Hugh Johnston Anderson (May 10, 1801 – May 31, 1881) was member of the United States Congress from Maine and served as the 20th Governor of Maine.

Early life
Hugh J. Anderson was born in Wiscasset (in modern-day Maine, then a part of Massachusetts) on May 10, 1801.  He attended the local schools, moved to Belfast, Maine in 1815, and was employed as a clerk in his uncle's mercantile business.

Political career

In 1827 Anderson was elected clerk of courts for Waldo County. A Democrat, Anderson was elected to the Twenty-fifth and Twenty-sixth Congresses, serving from March 4, 1837 to March 3, 1841. He was not a candidate for reelection to the Twenty-seventh Congress in 1840. From 1844 to 1847 Anderson was the Governor of Maine.
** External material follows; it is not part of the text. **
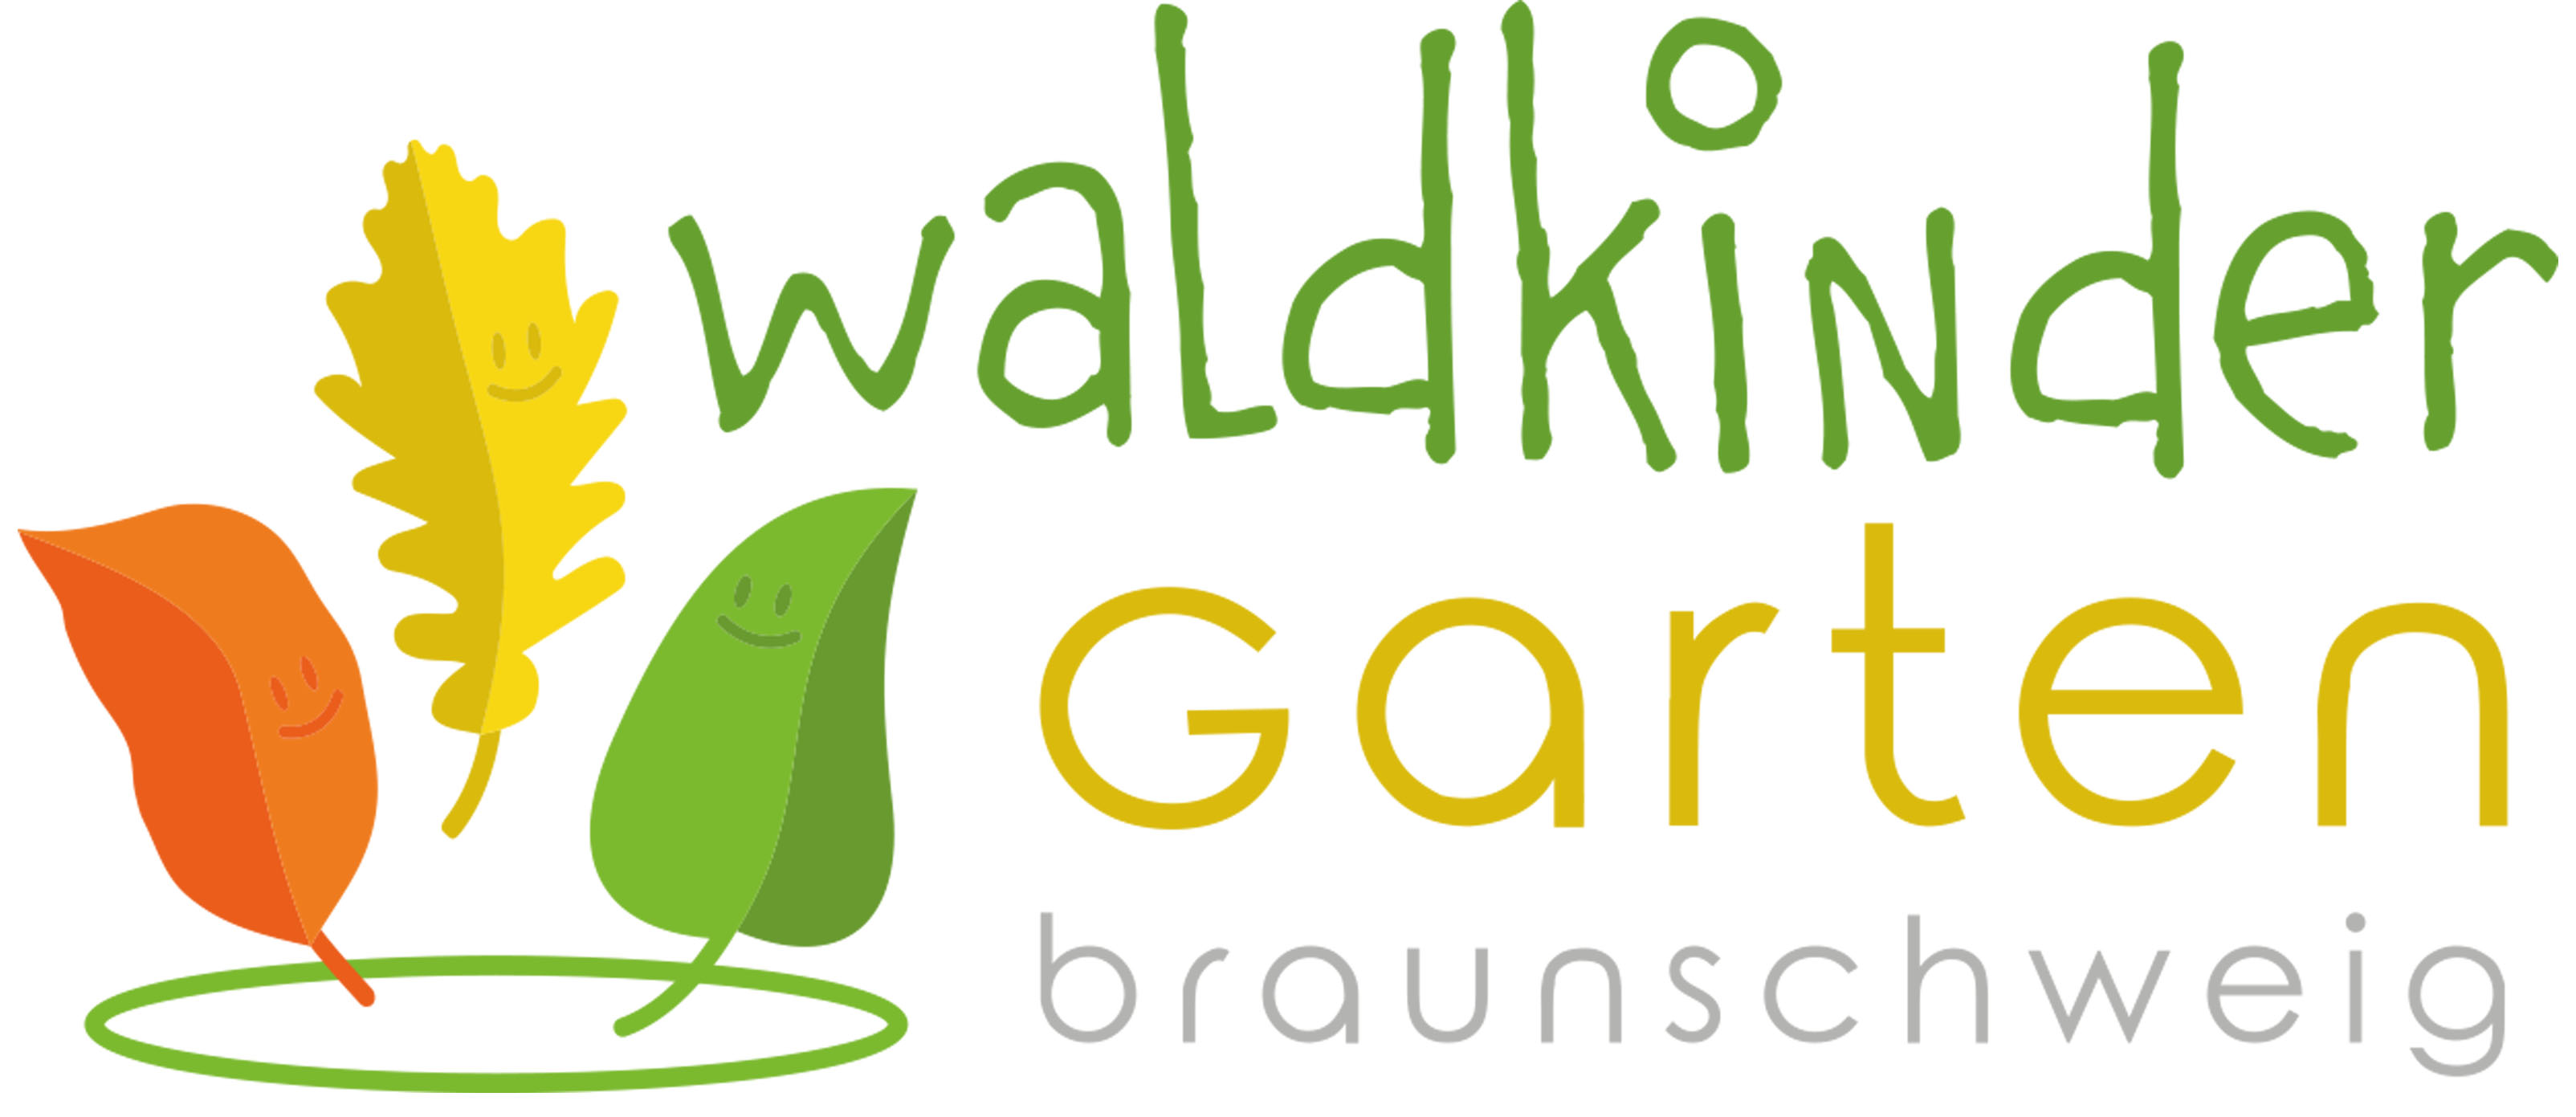 logo waldkindergarten

He was a candidate for U.S. Senator in 1847 but subsequently withdrew and moved to Washington D.C., where he served as commissioner of customs in the United States Treasury Department 1853-1858; appointed head of the commission to reorganize and adjust the affairs of the United States Mint at San Francisco, Calif., in 1857; returned to Washington 1859. Sixth Auditor of the Treasury 1866-1869; retired from public life in 1880 and returned to Portland, Maine where he died May 31, 1881.

Family

His father, John Anderson, was a native of County Down, Ireland; and his grandfather, also John Anderson was a prominent and influential member of the Scottish Protestant colony in that part of [Ireland. His father immigrated to Maine 1789.

Anderson married Martha J. Drummer of Belfast, Maine, in 1832.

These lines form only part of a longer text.